Report all lines below with the word "Large".

· · · · ·

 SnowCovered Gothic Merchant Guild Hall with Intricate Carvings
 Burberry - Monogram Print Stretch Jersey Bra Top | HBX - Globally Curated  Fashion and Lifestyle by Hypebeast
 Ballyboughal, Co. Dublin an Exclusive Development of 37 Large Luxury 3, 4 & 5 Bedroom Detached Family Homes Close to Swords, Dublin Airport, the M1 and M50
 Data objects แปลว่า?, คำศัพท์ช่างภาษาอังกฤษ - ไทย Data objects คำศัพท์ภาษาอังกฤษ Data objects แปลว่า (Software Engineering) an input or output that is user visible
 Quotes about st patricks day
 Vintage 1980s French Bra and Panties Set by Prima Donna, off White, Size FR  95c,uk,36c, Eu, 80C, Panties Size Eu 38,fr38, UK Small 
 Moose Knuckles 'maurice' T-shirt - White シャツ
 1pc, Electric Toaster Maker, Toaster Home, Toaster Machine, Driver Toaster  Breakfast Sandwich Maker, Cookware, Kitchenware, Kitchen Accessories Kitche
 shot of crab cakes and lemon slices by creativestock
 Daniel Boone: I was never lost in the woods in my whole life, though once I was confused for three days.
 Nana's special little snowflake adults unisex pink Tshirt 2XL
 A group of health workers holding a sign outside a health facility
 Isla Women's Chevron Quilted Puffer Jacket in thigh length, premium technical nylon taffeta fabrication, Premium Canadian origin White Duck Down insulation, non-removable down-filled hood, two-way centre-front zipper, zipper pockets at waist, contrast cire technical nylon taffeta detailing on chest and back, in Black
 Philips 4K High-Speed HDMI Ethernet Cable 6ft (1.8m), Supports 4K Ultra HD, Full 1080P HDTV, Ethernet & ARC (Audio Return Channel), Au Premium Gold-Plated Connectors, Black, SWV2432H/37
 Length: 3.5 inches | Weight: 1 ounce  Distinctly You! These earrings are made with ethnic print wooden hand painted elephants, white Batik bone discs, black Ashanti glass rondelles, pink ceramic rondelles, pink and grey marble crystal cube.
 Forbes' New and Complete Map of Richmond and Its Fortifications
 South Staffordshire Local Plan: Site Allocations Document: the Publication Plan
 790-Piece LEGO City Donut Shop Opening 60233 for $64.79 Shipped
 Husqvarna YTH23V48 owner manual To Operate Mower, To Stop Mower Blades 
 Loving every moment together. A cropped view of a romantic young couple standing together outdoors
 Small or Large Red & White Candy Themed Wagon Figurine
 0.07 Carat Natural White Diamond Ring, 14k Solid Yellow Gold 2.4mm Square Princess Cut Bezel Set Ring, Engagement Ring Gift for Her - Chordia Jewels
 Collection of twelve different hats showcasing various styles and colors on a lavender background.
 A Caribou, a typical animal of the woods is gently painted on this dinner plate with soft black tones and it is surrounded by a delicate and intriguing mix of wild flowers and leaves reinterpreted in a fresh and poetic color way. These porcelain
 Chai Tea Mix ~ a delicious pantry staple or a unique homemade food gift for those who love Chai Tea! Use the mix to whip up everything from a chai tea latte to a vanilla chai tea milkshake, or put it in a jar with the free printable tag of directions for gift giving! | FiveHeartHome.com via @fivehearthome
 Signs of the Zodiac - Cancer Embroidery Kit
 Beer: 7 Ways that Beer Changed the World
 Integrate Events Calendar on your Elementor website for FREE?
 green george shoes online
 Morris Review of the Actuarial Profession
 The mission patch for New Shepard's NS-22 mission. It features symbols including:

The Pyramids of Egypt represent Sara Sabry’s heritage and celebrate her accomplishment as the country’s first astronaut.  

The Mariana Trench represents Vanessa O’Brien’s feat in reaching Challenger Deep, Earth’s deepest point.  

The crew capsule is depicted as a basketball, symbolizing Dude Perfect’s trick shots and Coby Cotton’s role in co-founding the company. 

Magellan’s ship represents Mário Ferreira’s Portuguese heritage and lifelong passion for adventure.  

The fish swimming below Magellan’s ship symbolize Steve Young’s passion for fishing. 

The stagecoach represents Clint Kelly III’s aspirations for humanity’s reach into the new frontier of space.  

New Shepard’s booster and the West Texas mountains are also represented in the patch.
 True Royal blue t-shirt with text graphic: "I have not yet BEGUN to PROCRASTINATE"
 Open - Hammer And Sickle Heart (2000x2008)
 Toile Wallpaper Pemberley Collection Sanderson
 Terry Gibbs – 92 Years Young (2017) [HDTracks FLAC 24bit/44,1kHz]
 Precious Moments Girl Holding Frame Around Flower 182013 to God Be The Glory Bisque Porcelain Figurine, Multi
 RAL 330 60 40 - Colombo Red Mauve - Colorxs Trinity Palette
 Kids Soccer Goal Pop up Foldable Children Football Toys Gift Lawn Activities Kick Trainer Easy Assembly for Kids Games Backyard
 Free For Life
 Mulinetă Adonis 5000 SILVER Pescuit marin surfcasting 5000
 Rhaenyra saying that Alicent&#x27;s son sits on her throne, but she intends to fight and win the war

· · · · ·

Output =>
 Ballyboughal, Co. Dublin an Exclusive Development of 37 Large Luxury 3, 4 & 5 Bedroom Detached Family Homes Close to Swords, Dublin Airport, the M1 and M50
 Small or Large Red & White Candy Themed Wagon Figurine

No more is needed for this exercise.